I reach Bob DuCharme’s book, Learning SPARQL, through an idle tweet mentioning SPARQL, to which his book account replied. The book covers the fundamentals of the semantic web and linked data, the RDF standard, the SPARQL query language, performance, and building applications on SPARQL. It also talks about ontologies and inferencing which are built on top of RDF.
As someone with a slight background in SQL and table-based databases, my previous forays into the semantic web have been fraught since I typically start by asking what the schema for an RDF store is. The answer to this question is “That’s the wrong question”. The triplestore is the basis of all RDF applications, as the name implies each row contains a triple (i.e. three columns) which are traditionally labelled subject, predicate and object. I found it easier to think in terms of resource, property name and property value. To give a concrete example “David Beckham” is an example of a resource, his height is the name of a property of David Beckham and, according to dbpedia, the value of this property is 1.8288 (metres, we must assume). The resource and property names must be provided in the from of URIs (unique resource identifiers) the property value can be a URI or some normally typed entity such as a string or an integer.
The triples describe a network of nodes (the resource and property values) with property names being the links between them, with this infrastructure any network can be described by a set of triples. SPARQL is a query language that superficially looks much like SQL. It can extract arbitrary sets of properties from the network using the SELECT command, get a valid sub-network described by a set of triples using the CONSTRUCT command, answer a question with a Yes/No answer using the ASK command. And it can tell you “everything” it knows about a particular URI using the DESCRIBE command, where “everything” is subject to the whim of the implementor. It also supports a bunch of other commands which feel familiar to SQListas such as LIMIT, OFFSET, FROM, WHERE, UNION, ORDER BY, GROUP BY, and AS. In addition there are the commands BIND which allows the transformation of variables by functions and VALUES which allows you to make little data structures for use within queries. PREFIX provides shortcuts to domains of URIs, for example http://dbpedia.org/resource/David_Beckham can be written dbpedia:David_Beckham, where dbpedia: is the prefix. SERVICE allows you to make queries across the internet to other SPARQL providers. OPTIONAL allows the addition of a variable which is not always present.
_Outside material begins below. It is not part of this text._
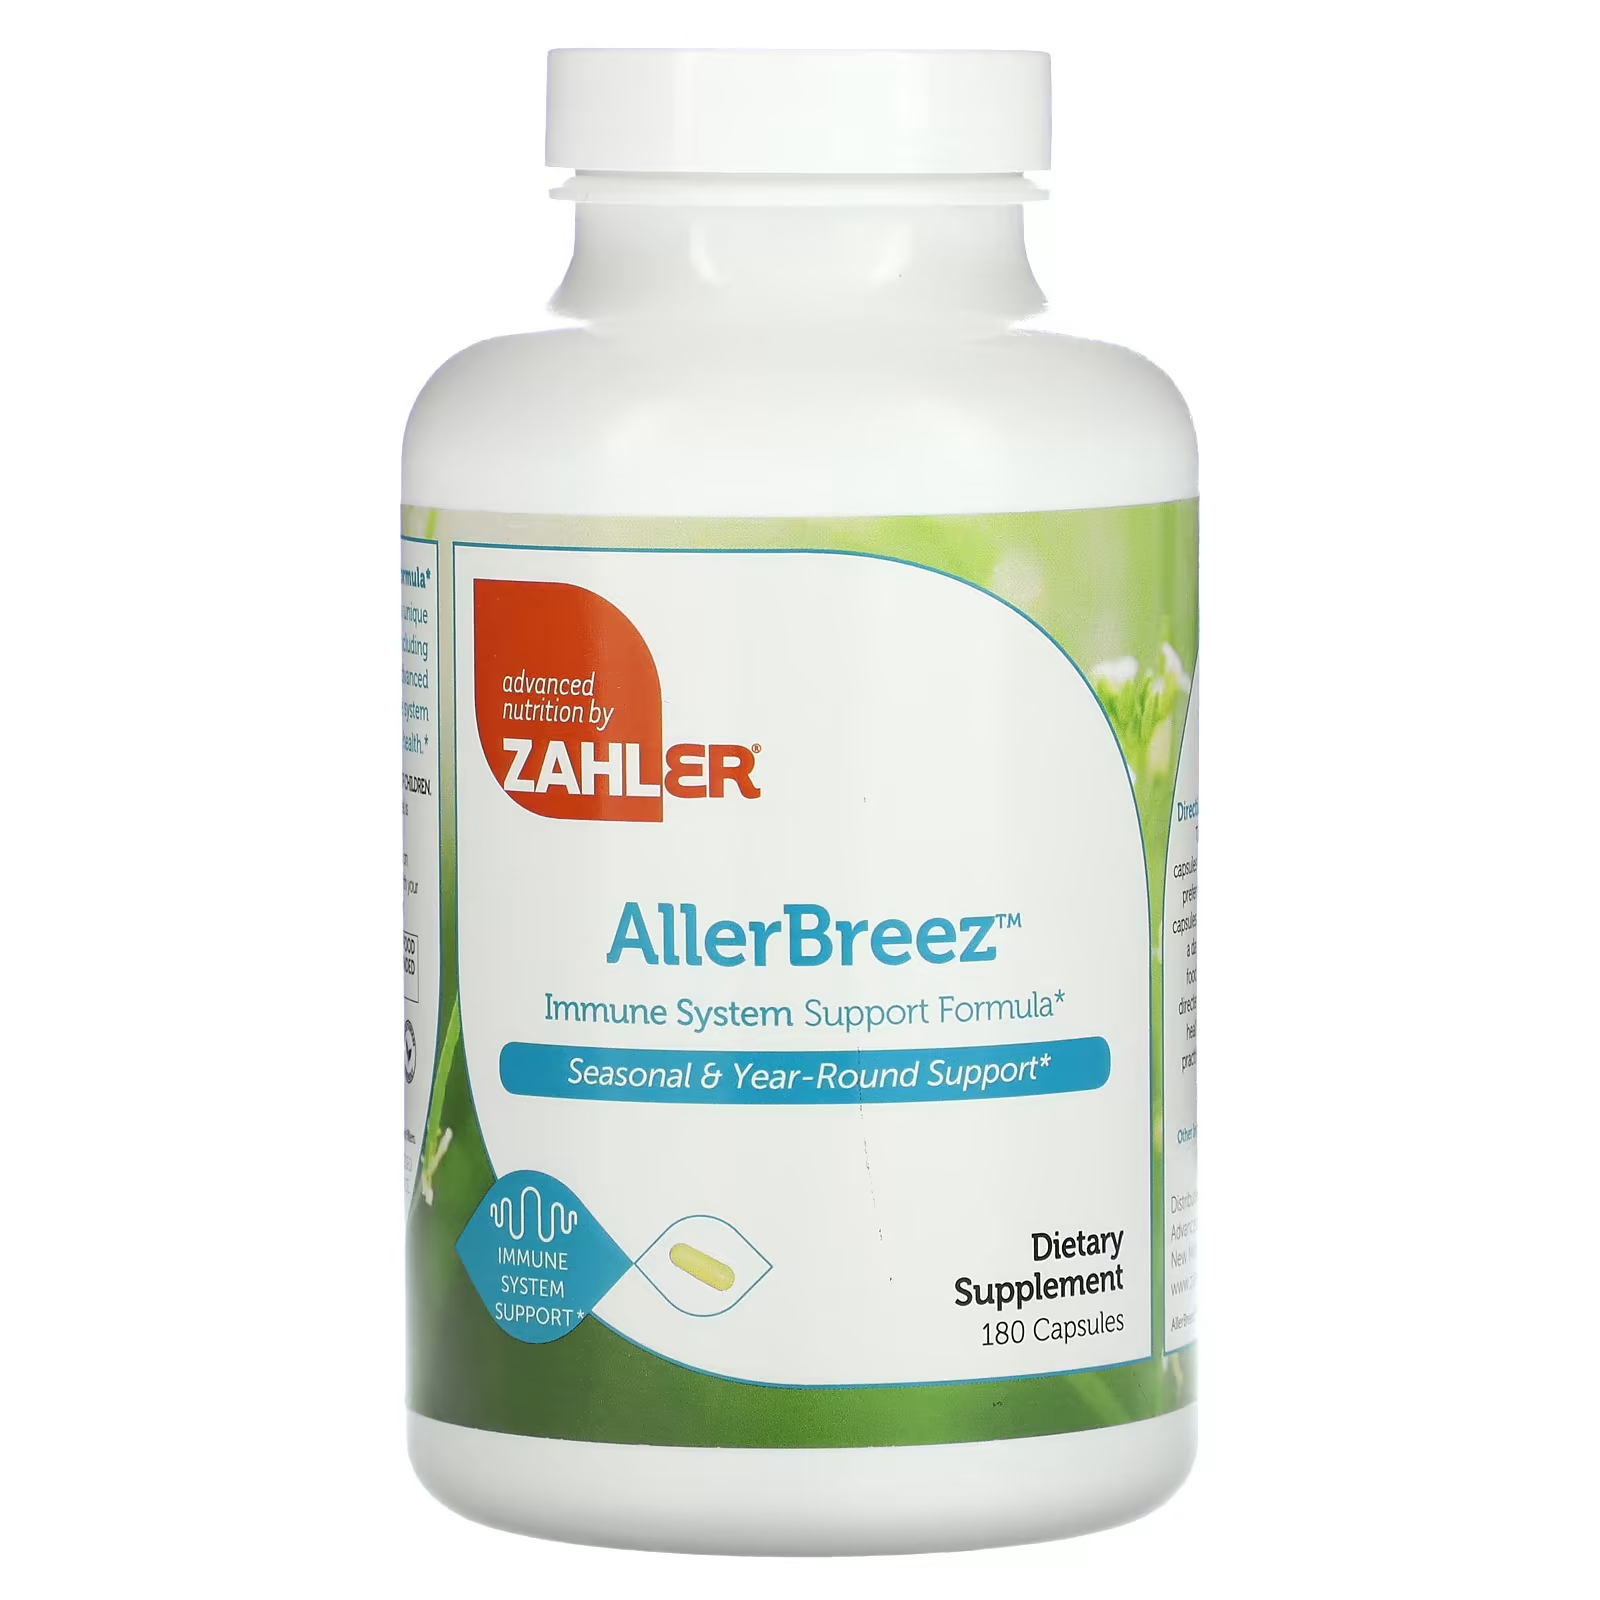 Пищевая добавка Zahler AllergBreeze формула поддержки иммунной системы, 180 капсул пищевая добавка zahler 120 80 формула поддержки сердечно сосудистой системы 60 капсул

The core of a SPARQL query is a list of triples which act as selectors for the triples required and FILTERs which further filter the results by carrying out calculations on the individual members of the triple. Each selector triple is terminated with “ .” or a “ ;” which indicates that the next triple is as a double with the first element the same as the current one. I mention this because Googling for the meaning of punctuation is rarely successful.
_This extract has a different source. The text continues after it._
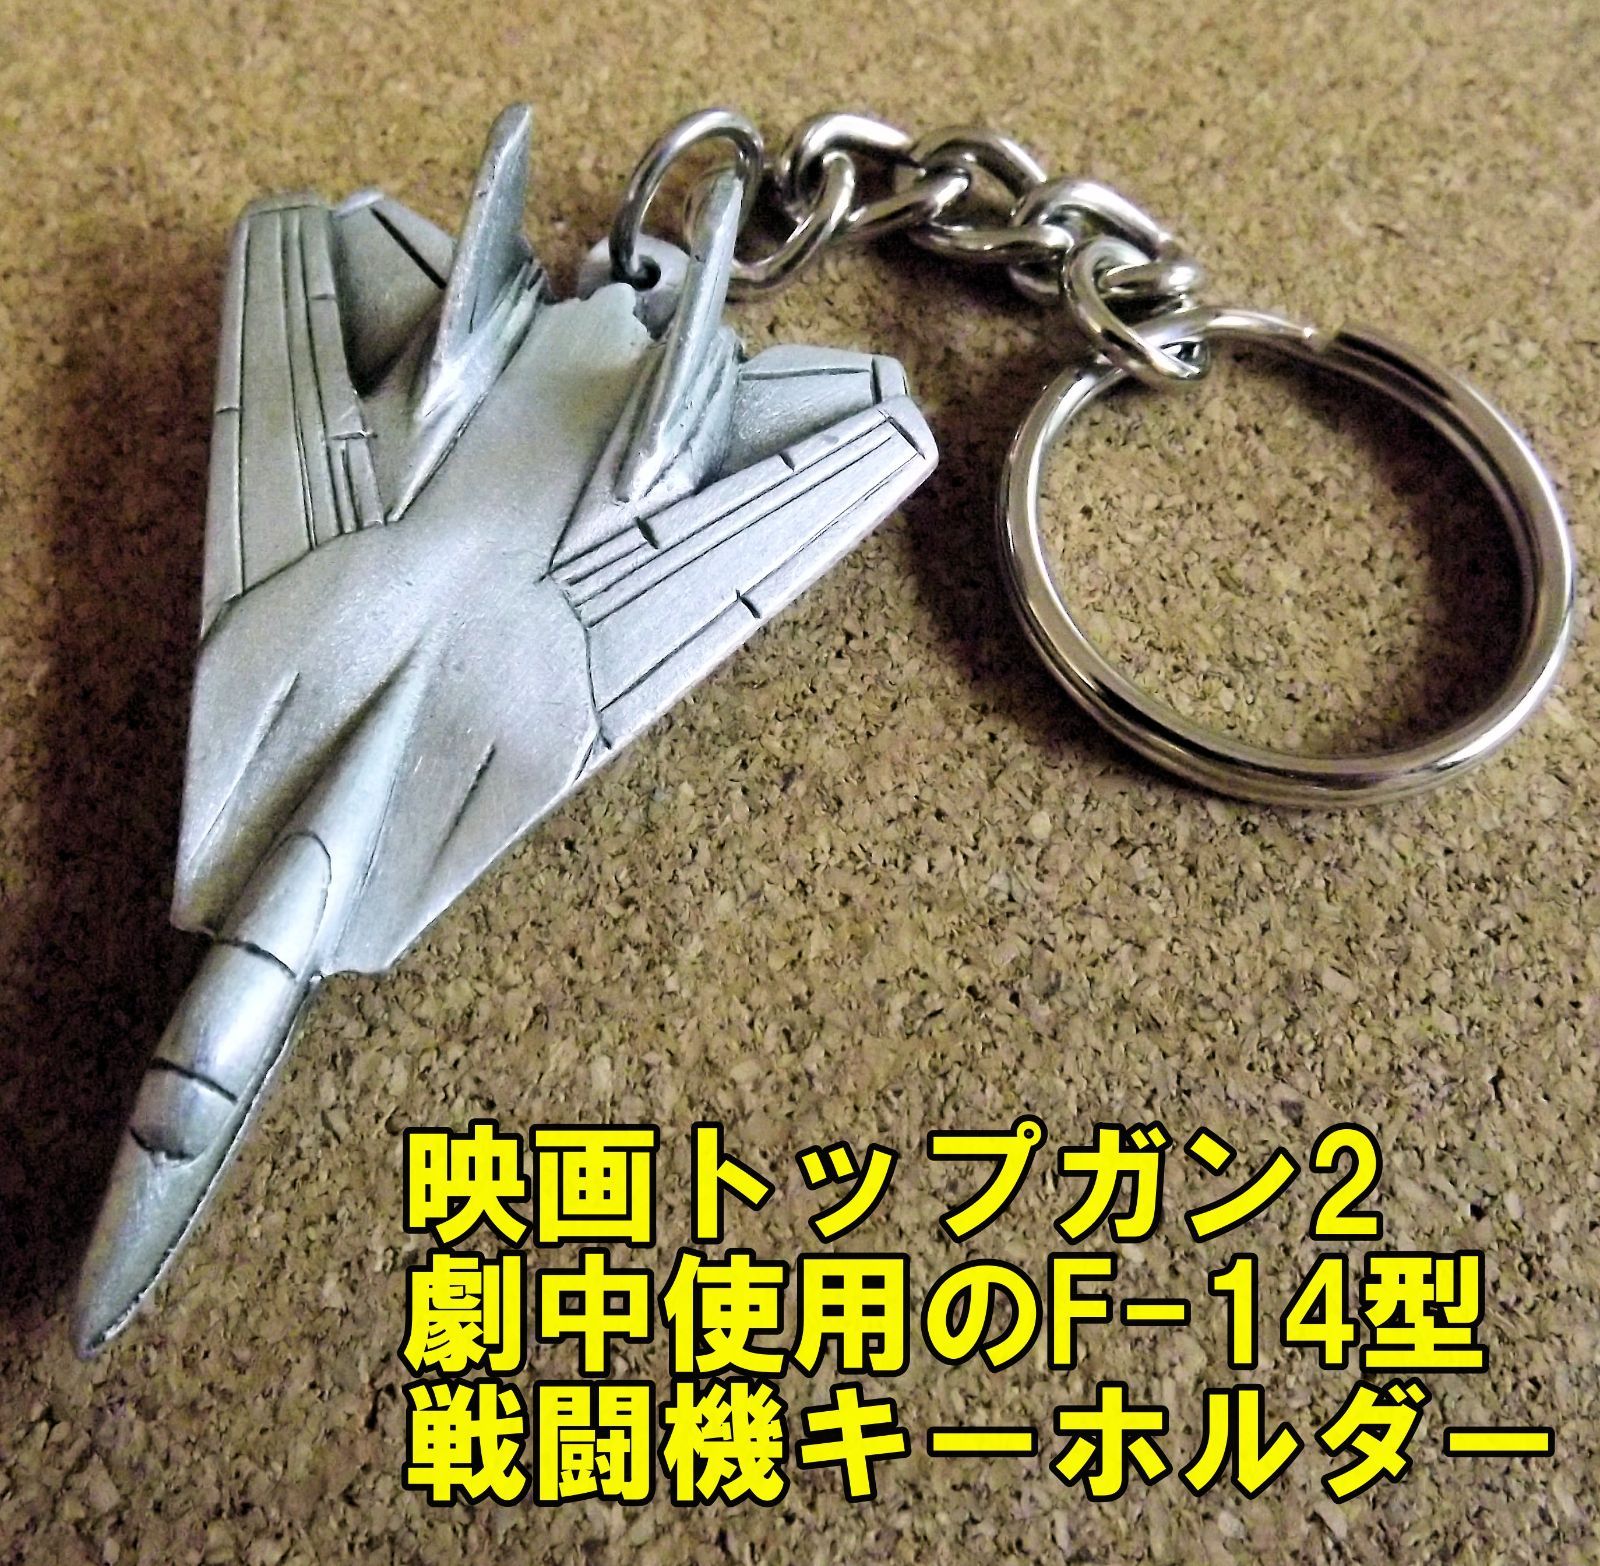 使い勝手の良い F-14トムキャットキーホルダーF14 general-bond.co.jp

Whilst reading this book I’ve moved from SPARQL querying by search, to queries written by slight modification of existing queries to celebrating writing my own queries, to writing successful queries no longer being a cause for celebration!
There are some features in SPARQL that I haven’t yet used in anger: “paths” which are used to expand queries to not just select a triple define a node with a link but longer chains of links and inferencing. Inferencing allows the creation of virtual triples. For example if we known that Brian is the patient of a doctor called Jane, and we have an inferencing engine which also contains the information the a patient is the inverse of a doctor then we don’t need to specify that Jane has a patient called Brian.
The book ends with a cookbook of queries for exploring a new data source which is useful but needs to be used with a little caution when query against large databases. Most of the book is oriented around running a SPARQL client against files stored locally. I skipped this step, mainly using YASGUI to query the NewsReader data and the SNORQL interface to dbpedia.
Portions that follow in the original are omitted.